** DATA SEGMENT **
------------------------

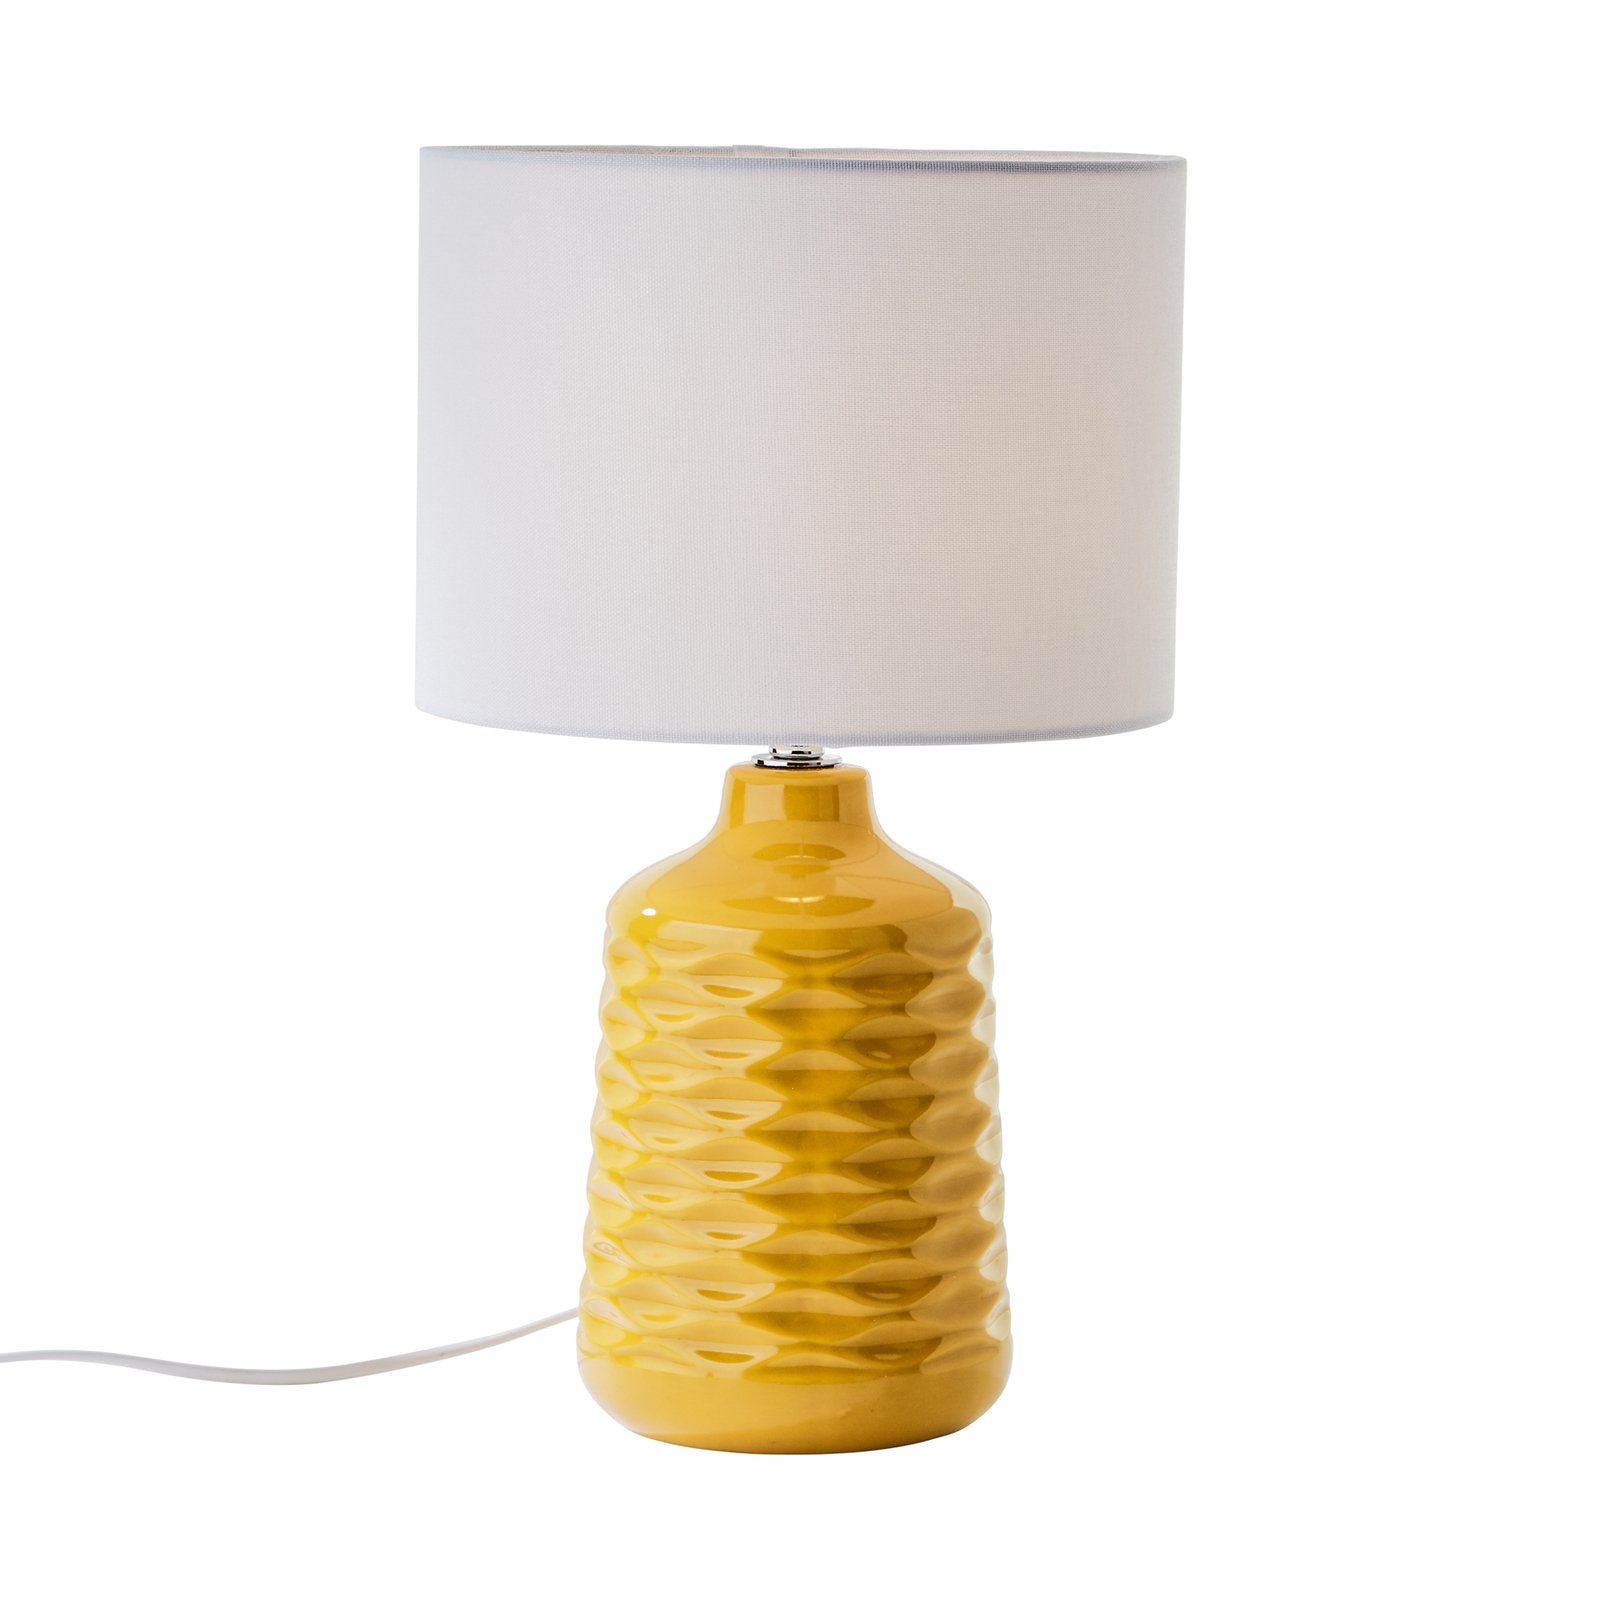 Ilysa table lamp white fabric, yellow ceramic base
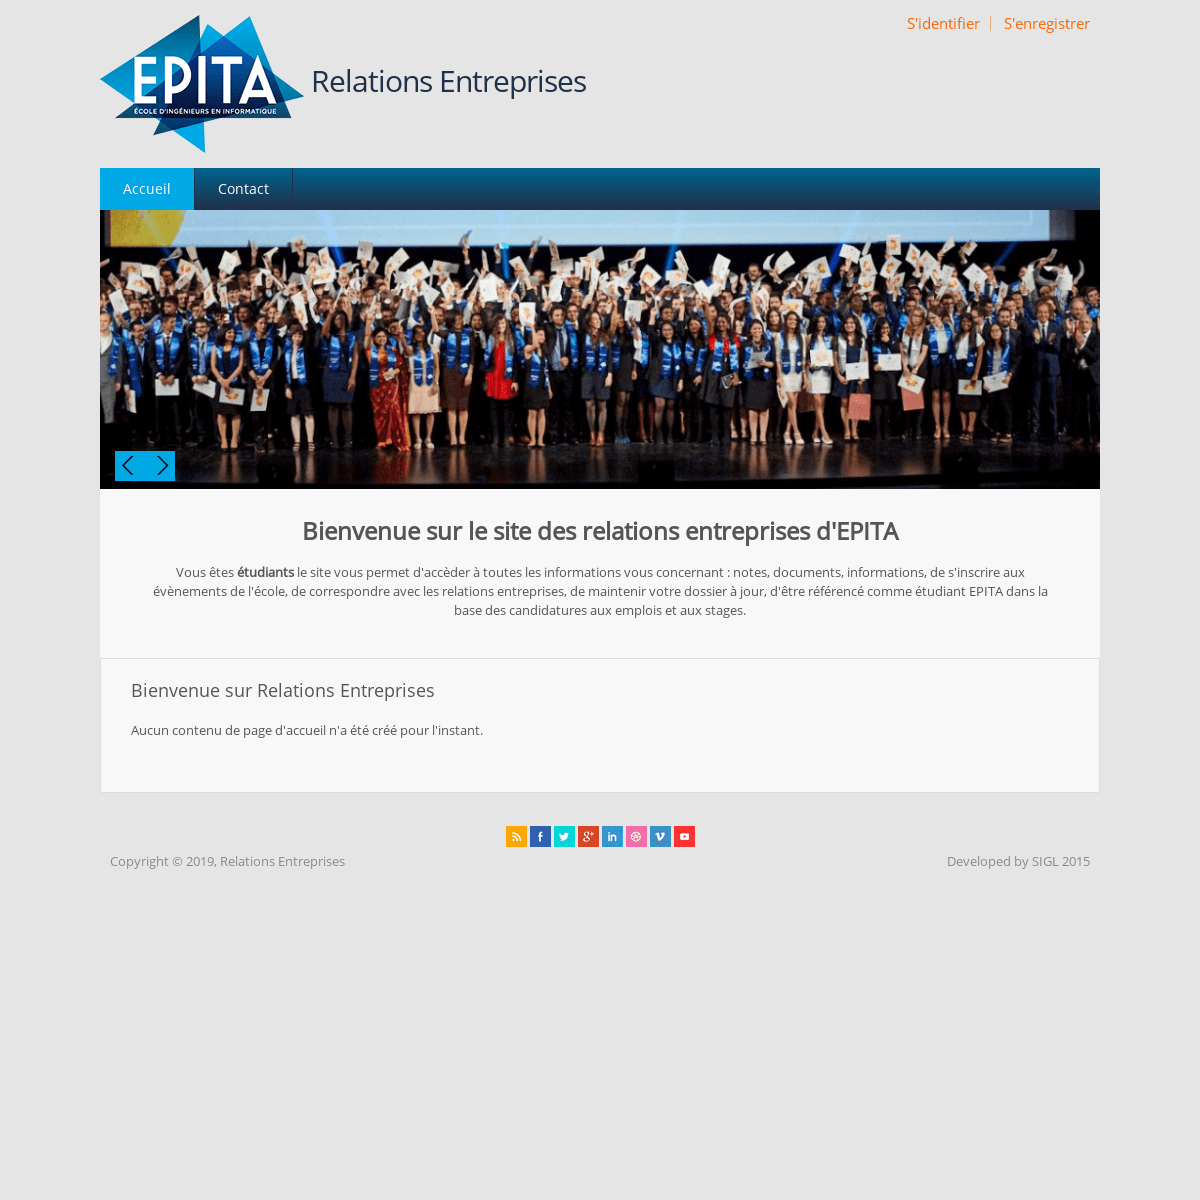 A complete backup of epita.net
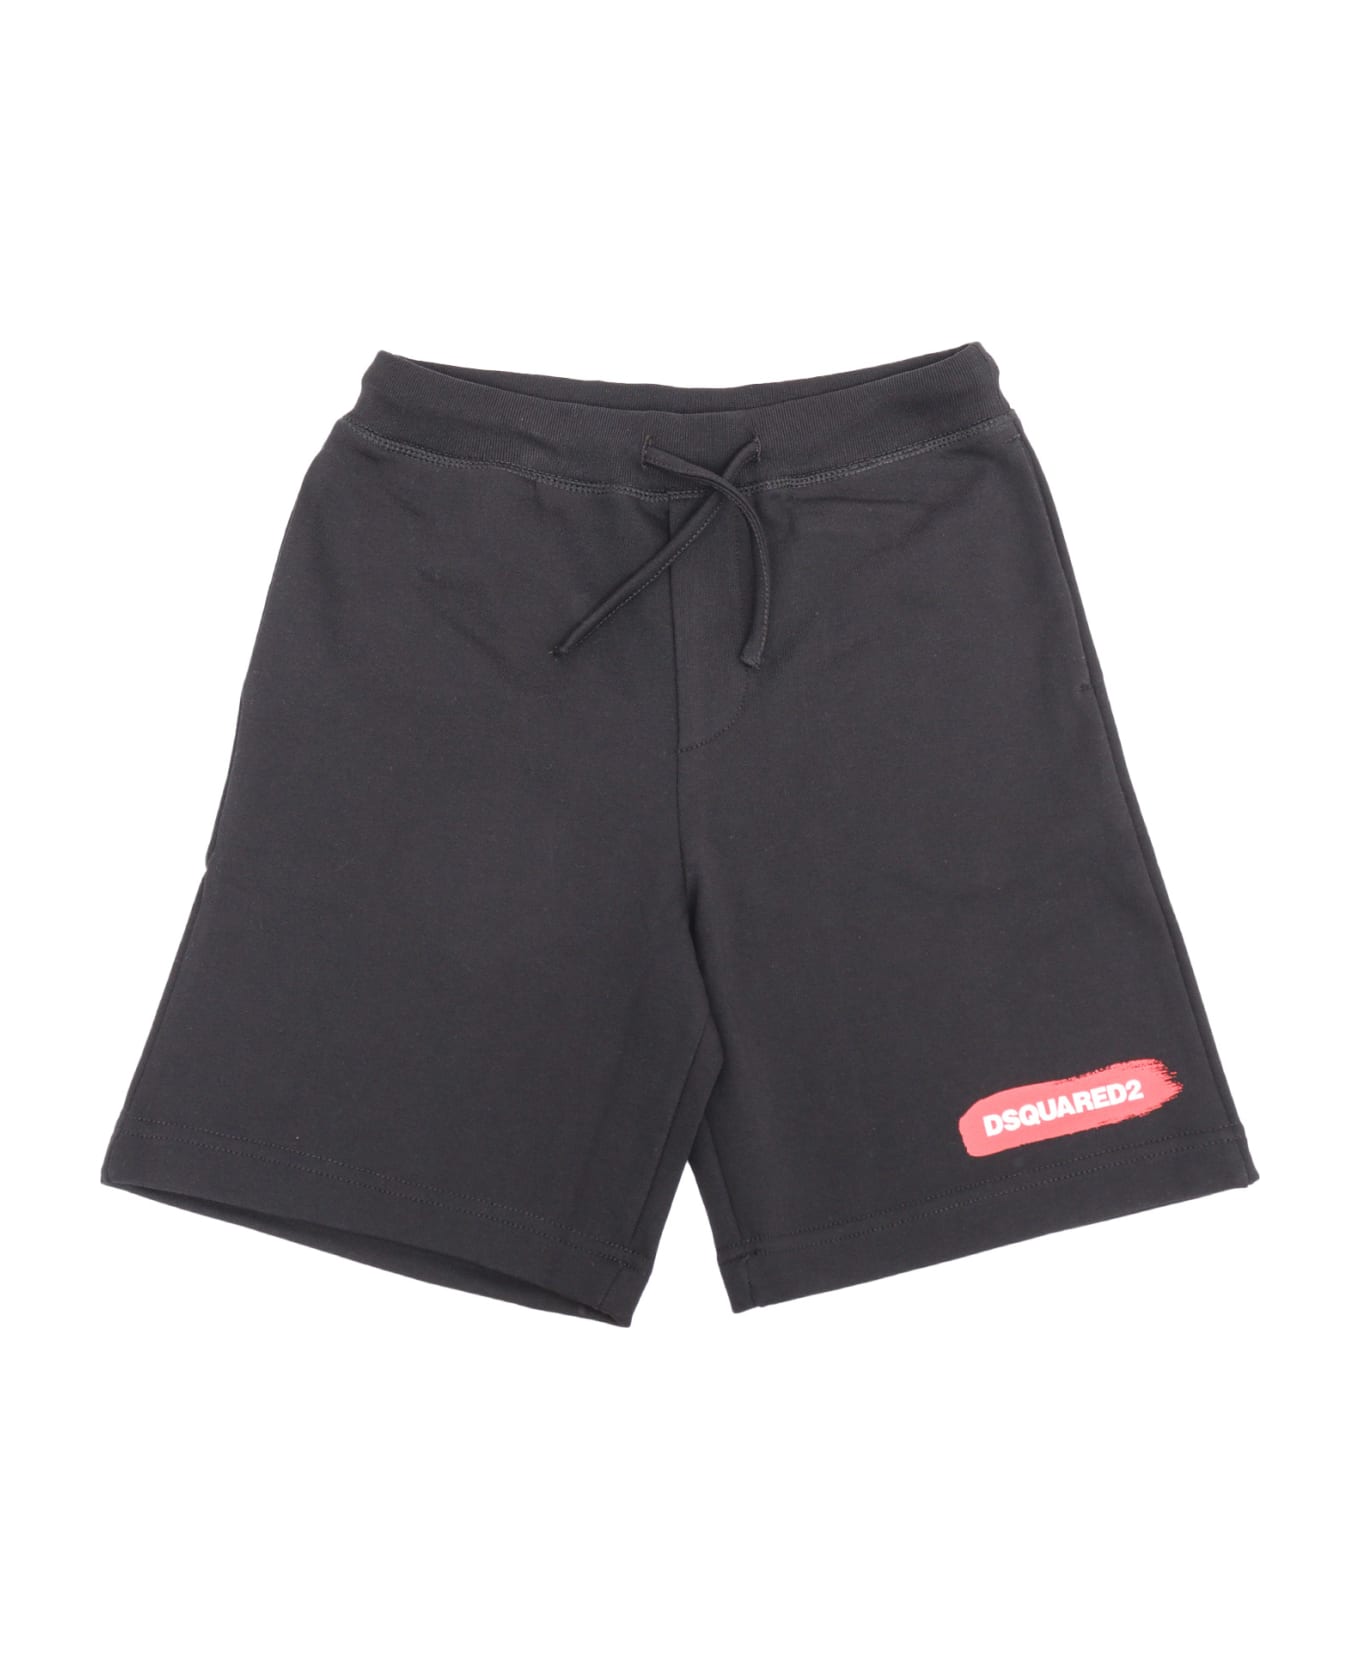 Dsquared2 D-squared2 Sports Shorts - BLACK ボトムス

------------------------

** WORK INSTRUCTION **
Set the data above down again exactly as given, with no pictures.

** RESPONSE BELOW **
 Ilysa table lamp white fabric, yellow ceramic base
 A complete backup of epita.net
 Dsquared2 D-squared2 Sports Shorts - BLACK ボトムス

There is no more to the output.